People often use the two words “advocacy” and “lobbying” interchangeably, and while there is overlap between the two, they are not exactly the same. Let’s clear up what each means:

Advocacy is the broader of the two terms and can refer to general efforts to advance a point of view or make your case. Advocacy takes place, for example, through traditional and social media, in panel discussions and conferences, and in communications with any individuals or group. When you’re telling a prospective donor, reporter, or civic leader what your orchestra does and why it matters, you’re engaging in advocacy. You can be an advocate for your organization or cause before just about any audience; advocacy, in the context of nonprofit organizations today, includes, but is not limited to, lobbying.

Lobbying is defined by the IRS in a very specific way and refers to specific efforts to persuade people about specific government legislation. The targets of lobbying are mainly your elected public officials, but can include the news media, your audiences, and the public in general. As a private citizen, you have the right to freely express yourself on government policy. For a nonprofit tax-exempt organization, such as an orchestra, there are some specific rules to follow, but compliance is very easy.
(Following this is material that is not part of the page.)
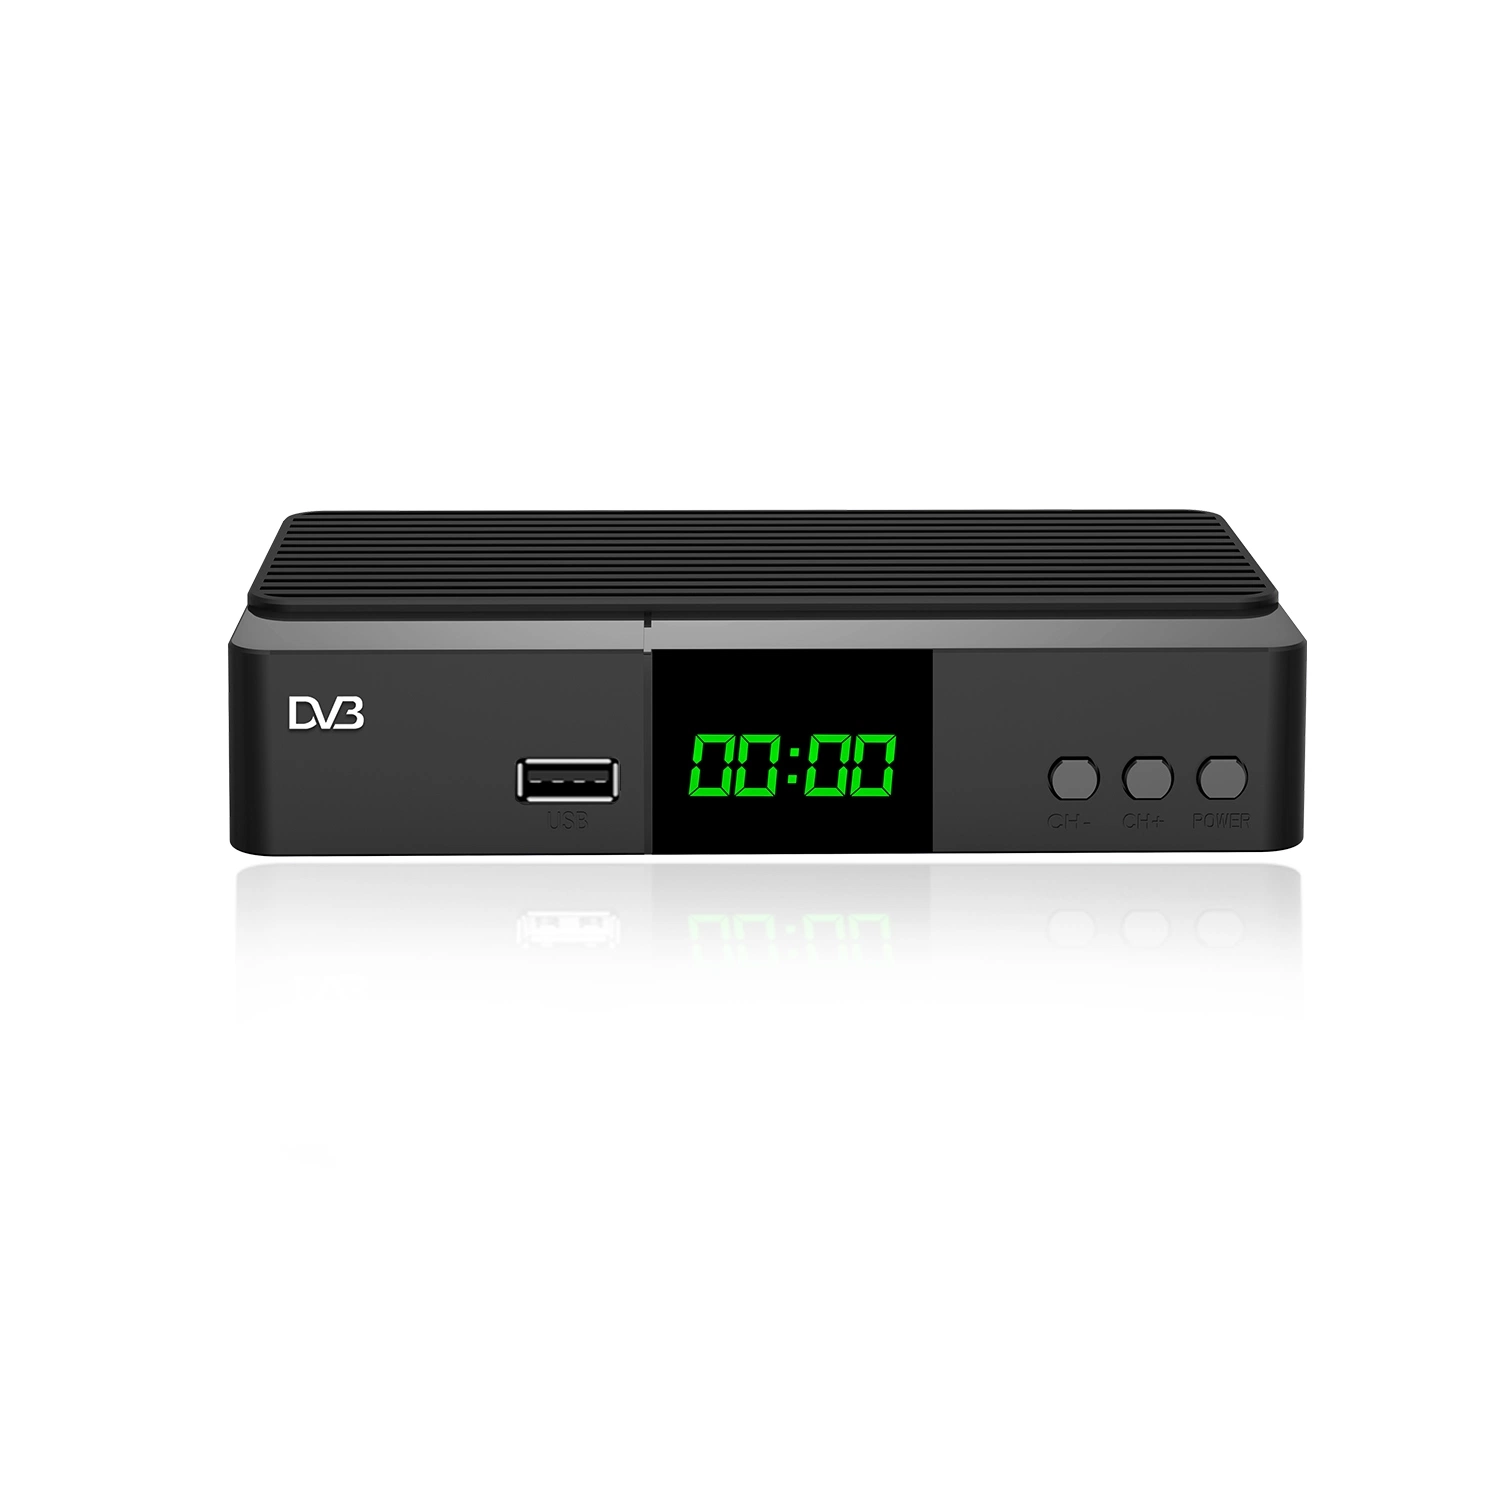 Junuo MPEG 4 1080P descodificador DVB T2 H265 Decodificador H. 265 Hevc DESCODIFICADOR DE TV2 SCART DVBT WiFi receptor de TV Digital DVB-T2 para o mercado italiano

This guide is mainly focused on lobbying—also called government affairs, government relations, or government advocacy. We also describe action you might take beyond the IRS definition of lobbying to influence public policy. For this guide, we use the term “public policy advocacy” for that broader array of activities. Let’s clear up false assumptions that many in the orchestra world have about public policy advocacy and whether they can—or should—lobby at all.

Fiction: There are laws that prevent orchestras (and other nonprofit organizations) from lobbying, or the laws are so restrictive that it wouldn’t pay to try.

Fact: The law encourages nonprofit organizations to lobby, and sets broad, generous limits that impose no significant paperwork or legal burden on any individual or organization.

Fiction: There are very few times when public policy really affects my orchestra, and I have more pressing priorities to deal with every day.

Fact: The outcomes of public policy will greatly affect your orchestra’s everyday ability to raise charitable contributions, program and present international artists, and partner with schools. Time spent on lobbying is time well spent.

Fiction: I’m not a policy expert; I wouldn’t know what to say. Also, policymakers won’t care about what I have to say anyway.

Fact: You don’t have to be an expert on the big picture of tax reform, public education, or immigration. You just have to explain how these issues affect your orchestra’s ability to serve your community—something you’re uniquely qualified to do. Also, the League’s policy team is here to help: we maintain easy-to-use online issue centers that provide concise talking points, background information, and messages set up for you to personalize and communicate to your members of Congress about various legislative and regulatory issues. As for policymakers not caring, remember that elected officials work for you, and it’s their job to be receptive to your concerns.

Fiction: My policymakers always oppose [or] always support the arts, so lobbying them would be a waste of time.

Fact: Given the wide array of issues that affect orchestras, there is a strong chance your elected officials will support at least one of them. And supportive policymakers can be thanked and encouraged to cultivate support from their peers. Don’t write off your elected officials—you never know when they might actually come around to your point of view the more they understand what you do and how the community perceives your work. And don’t take them for granted, either!

Fiction: My orchestra shouldn’t have to lobby—that’s one of the reasons we pay dues to the League of American Orchestras and to our state arts advocacy group.

Fact: The League and other national and state arts organizations do lobby directly. However, your voice is worth more than ten office visits by a hired lobbyist. The League can monitor, inform, and persuade as much as possible, but constituent input (yours) is the key. Do not underestimate your own influence.

Fiction: Lobbying is already being done by others more influential and experienced than my organization or I can ever be.

Fact: Given the many musicians, volunteers, trustees, and audience members involved in your orchestra, you represent a substantial constituency. Furthermore, no matter your orchestra’s size or age, you are part of the nonprofit community, and that in itself is a highly regarded trait in policy circles, which was confirmed by polling among swing voters during the 2016 presidential election.